Boost Your Man's Morale

Jul 21 / Angela Tezeno

When You're in a Relationship, it's a privilege to help add Positive ENERGY to your man!

Being a coach for successful and high powered women, I’ve seen time and time again how the dynamic of a woman’s success can cause negative affects on her relationship with her man. You may see signs of this as well.Your guy is a good guy, but lately he’s been in a bit of a slump.  You fell in love with him in the first place because the two of you are so compatible and of course there’s the cute factor that played a part...let’s face it, a big part.  But you’re growing and hitting a high peak in your career, social life, accomplishing goals, and feeling really accomplished these days.Although you’re in a great space, this newfound peak can cause ripple in your relationship. You’d like to take him along for the happy life ride, but he’s not feeling you right now.n So here’s what you do...

5 Steps to Boost Your Man’s Morale

Step 1–Decide to Invest in Your Man
You must first decide if you’re willing to invest your time, energy, and wisdom as a willing participant in his personality revival. You have to make a conscious decision to be his power partner when he’s in a slump.
Step 2–Make Two Lists
The first list will comprise of of all the qualities you see in him—ambitious, honest, fun loving...those qualities you love about him. The second list will comprise of the undesirable character traits—the traits that is taxing on your relationship and quite frankly dragging him down.
Step 3-Write a Vision Statement
Write a vision state for your man. This vision statement is a clear, concise account that describes the man you know he can be. For example:  
___________(his name), is a highly intelligent thought-leader in the field of ___________(his role/work industry), who is present, kind, and fun-loving in our relationship, and compliments my life to a level of utmost excellence.

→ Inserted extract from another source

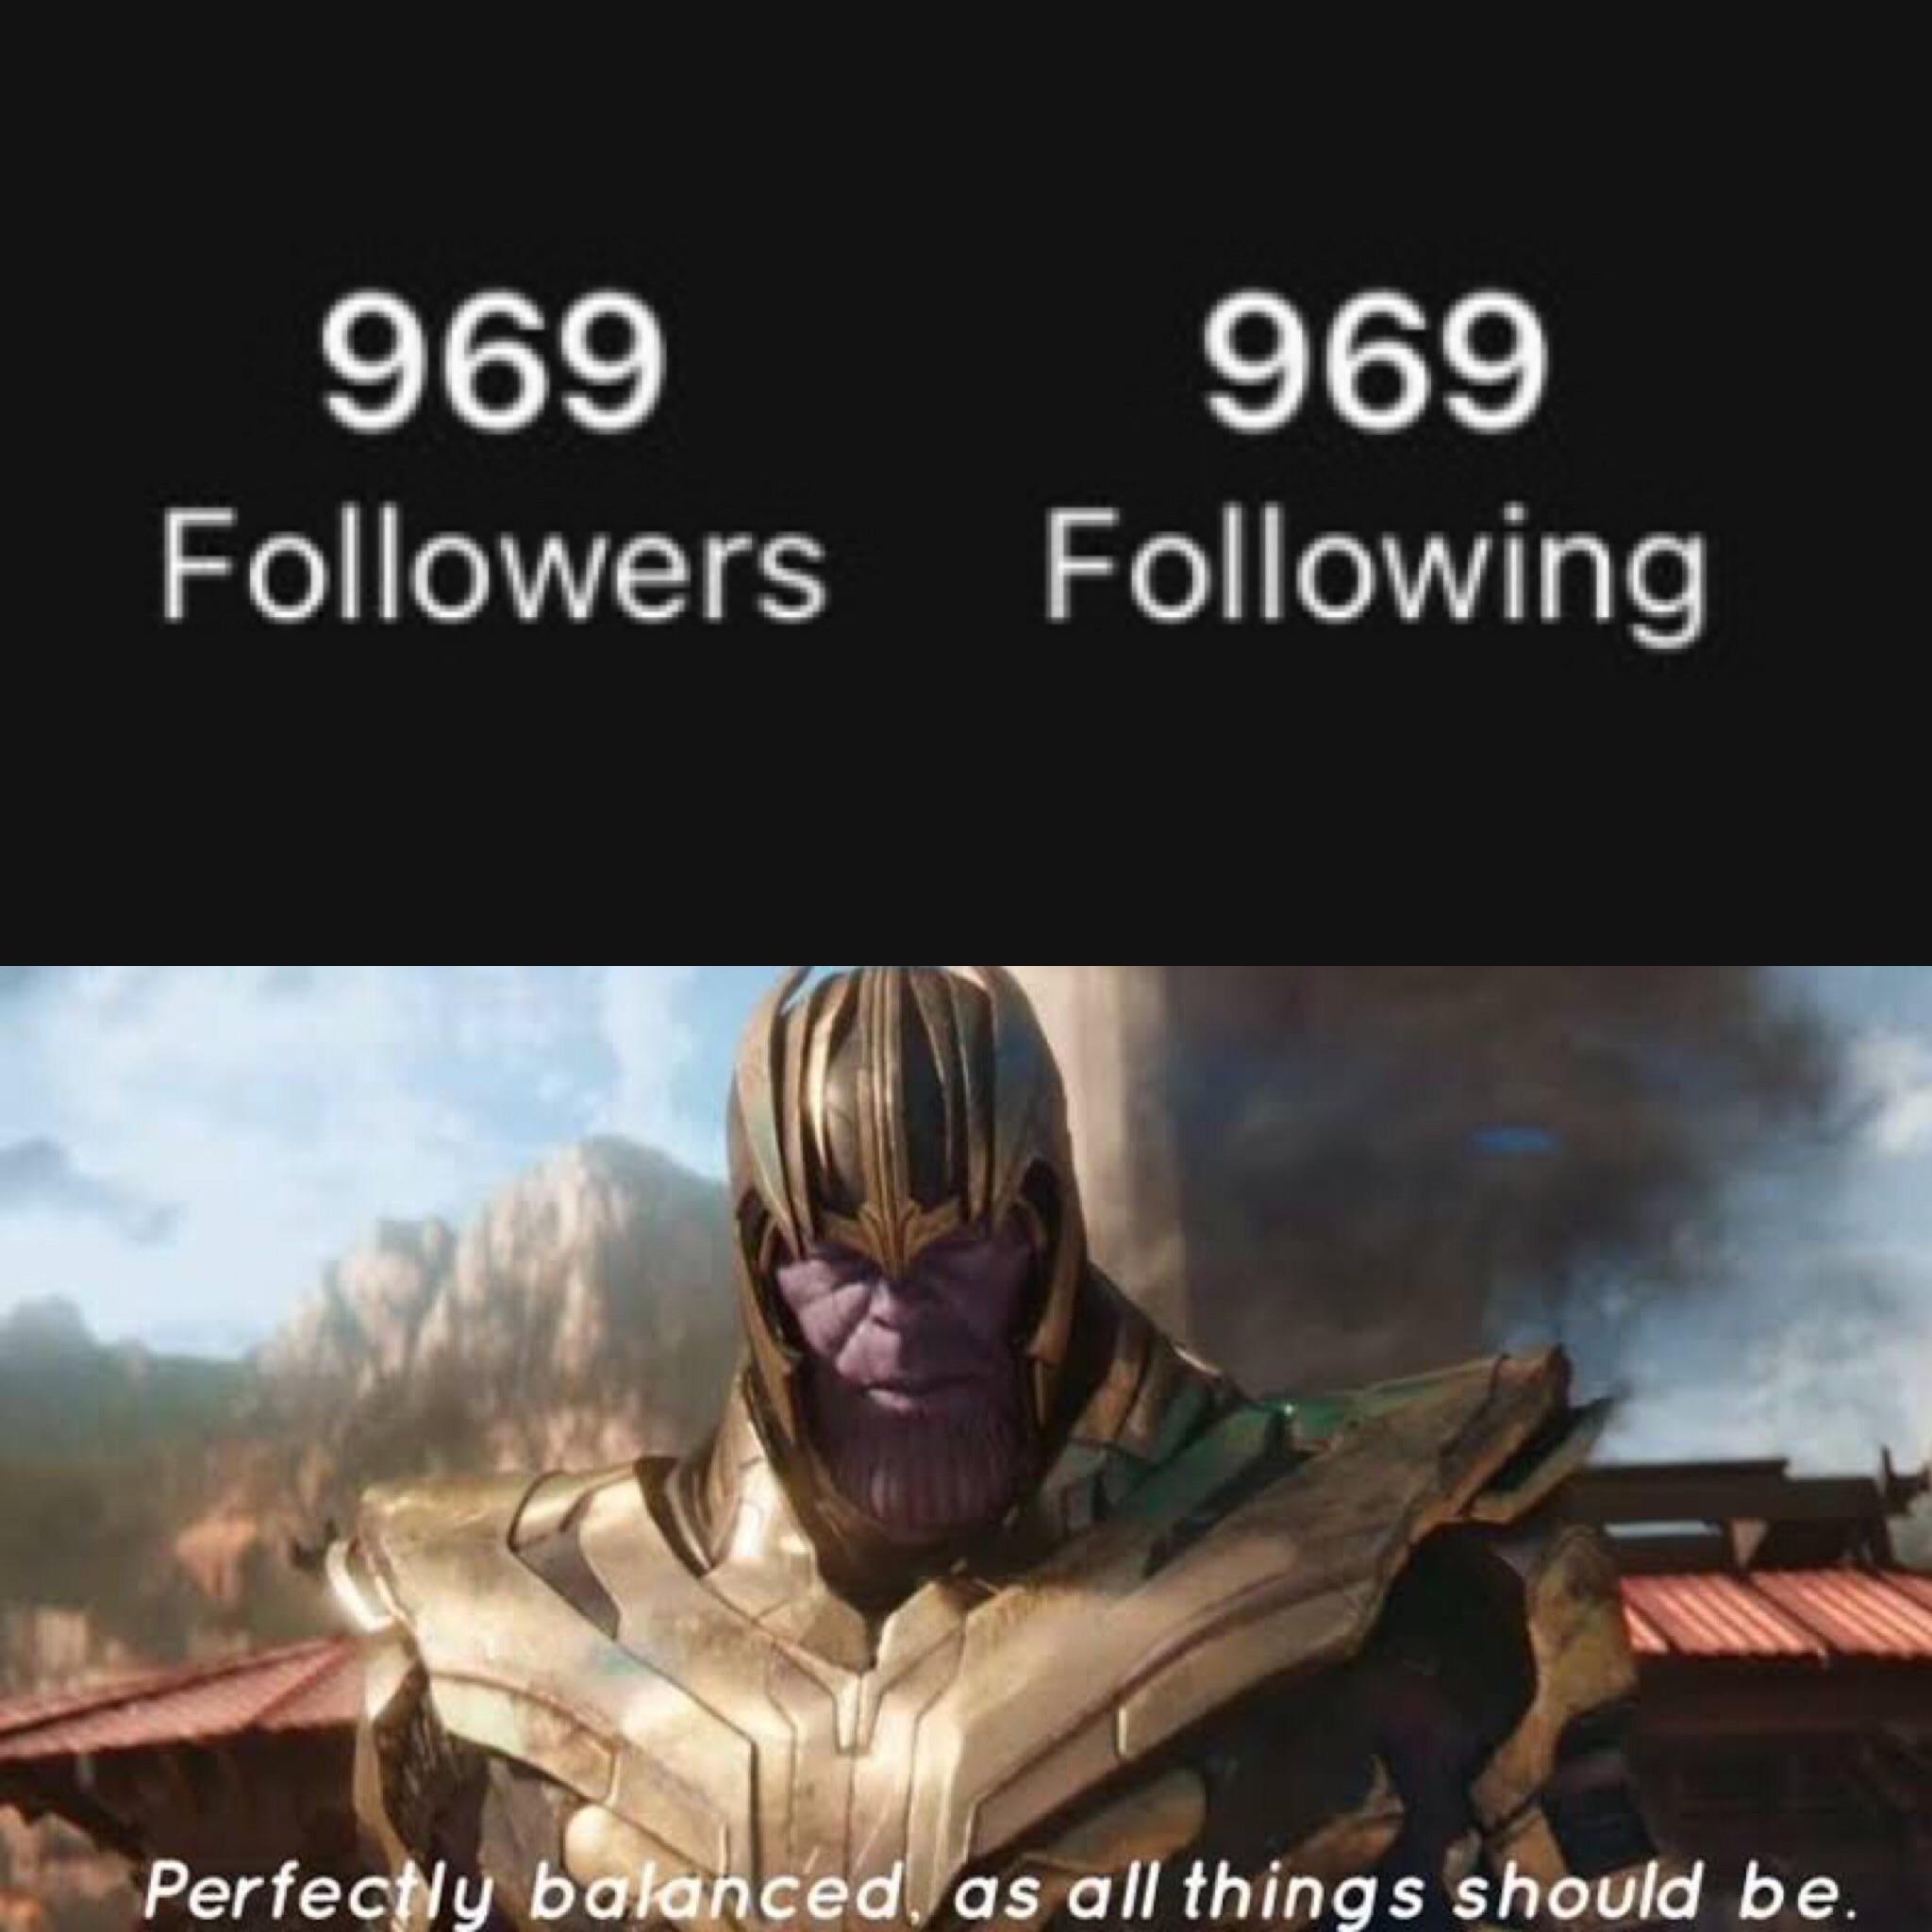 dank memes - perfectly balanced as all things should - 969 ers 969 ing Perfectly balanced, as all things should be
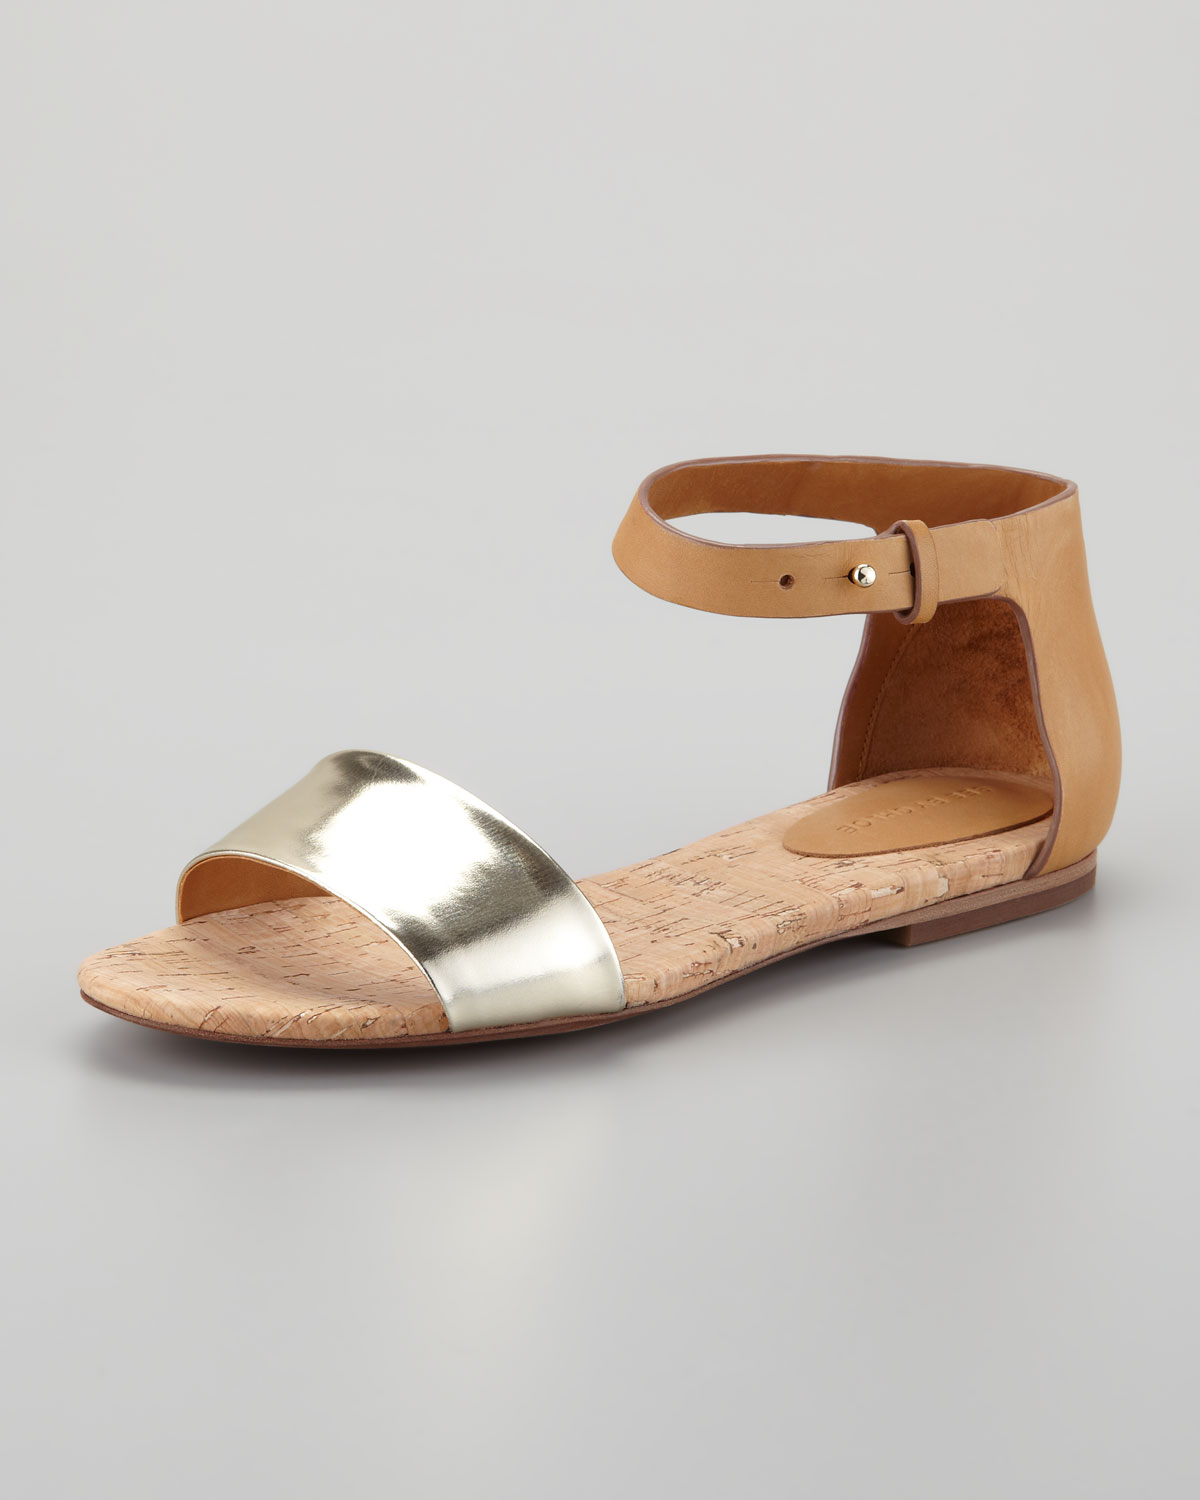 Lyst - See By Chloé Cork Flat Sandal in Metallic

Step 4-Activate Your Vision
You activate your vision through a process just like you’d follow in your Cura Design (the process for designing a life plan from my book, Cura Your Life). Activate your vision by creating goals, steps, and an action plan for the steps you take—each step resulting in realizing your vision). First, think about what goals must be achieved for your guy to be “this man” in your vision statement. Once you determine the necessary goals, decide what steps he must take (with you as a partner) to achieve these goals. Finally, create an action plan you’ll follow in your daily life practices to complete all the steps to realize your vision of him.

Step 5-Stay Positive and Proactive
This is the perfect time to lavish your man with positivity. This step is not for the faint heart. With each positive statement, gesture, or action, it’s possible that he may counter with a “you don’t get it...”, or “I’m good...”, or worst of the worst, a grunt (no dialogue whatsoever). I encourage you to stay positive even when he’s negative. It’s not about you honey, it’s about being a light for him and if you take offense at what he does or says negatively, you’ll lose a great opportunity be an example of what you decided he could be.
You’re proactive when you create opportunities for him to win and WIN BIG through personal accomplishments. Instead of making casual suggestions, initiate doing something with him he likes to do as a confidence booster; like a hobby or project around the house. The more accomplished he feels, the better confident he’ll become, and you’ll begin to recognize the great guy you’ve come to know and love.

Do’s and Dont’s

What You Should Do:
Do take a breath and make a decision to invest in your man.
Do start with your list first—-that way you can see where he stands
Do take the time to write a vision statement. If you dont’ write the vision, you spin your wheels and get nowhere really fast.
What You Should Not Do:
Don’t give up on you man too soon. He’s the guy to chose for a reason (hopefully for the right reason). If you’re not sure, click here.
Don’t feel guilty for being a great space when he’s not. You can use your space to help him. If you’re feeling guilty are making less of who you are, you are in no way qualified to promote him.
Don’t —and I mean NEVER bash, ridicule, or talk down to your man like he’s your pet project. Men like to feel honored, and he’ll reject your help if comes from a place of insincerity, disrespect, or arrogance.

So you see, it’s not over for your man. The time and attention you’ve invest in your relationship will surely pay off. All people 
experience low points in their life. You have the power to lift up and boost your man’s morale to the level he once was and beyond.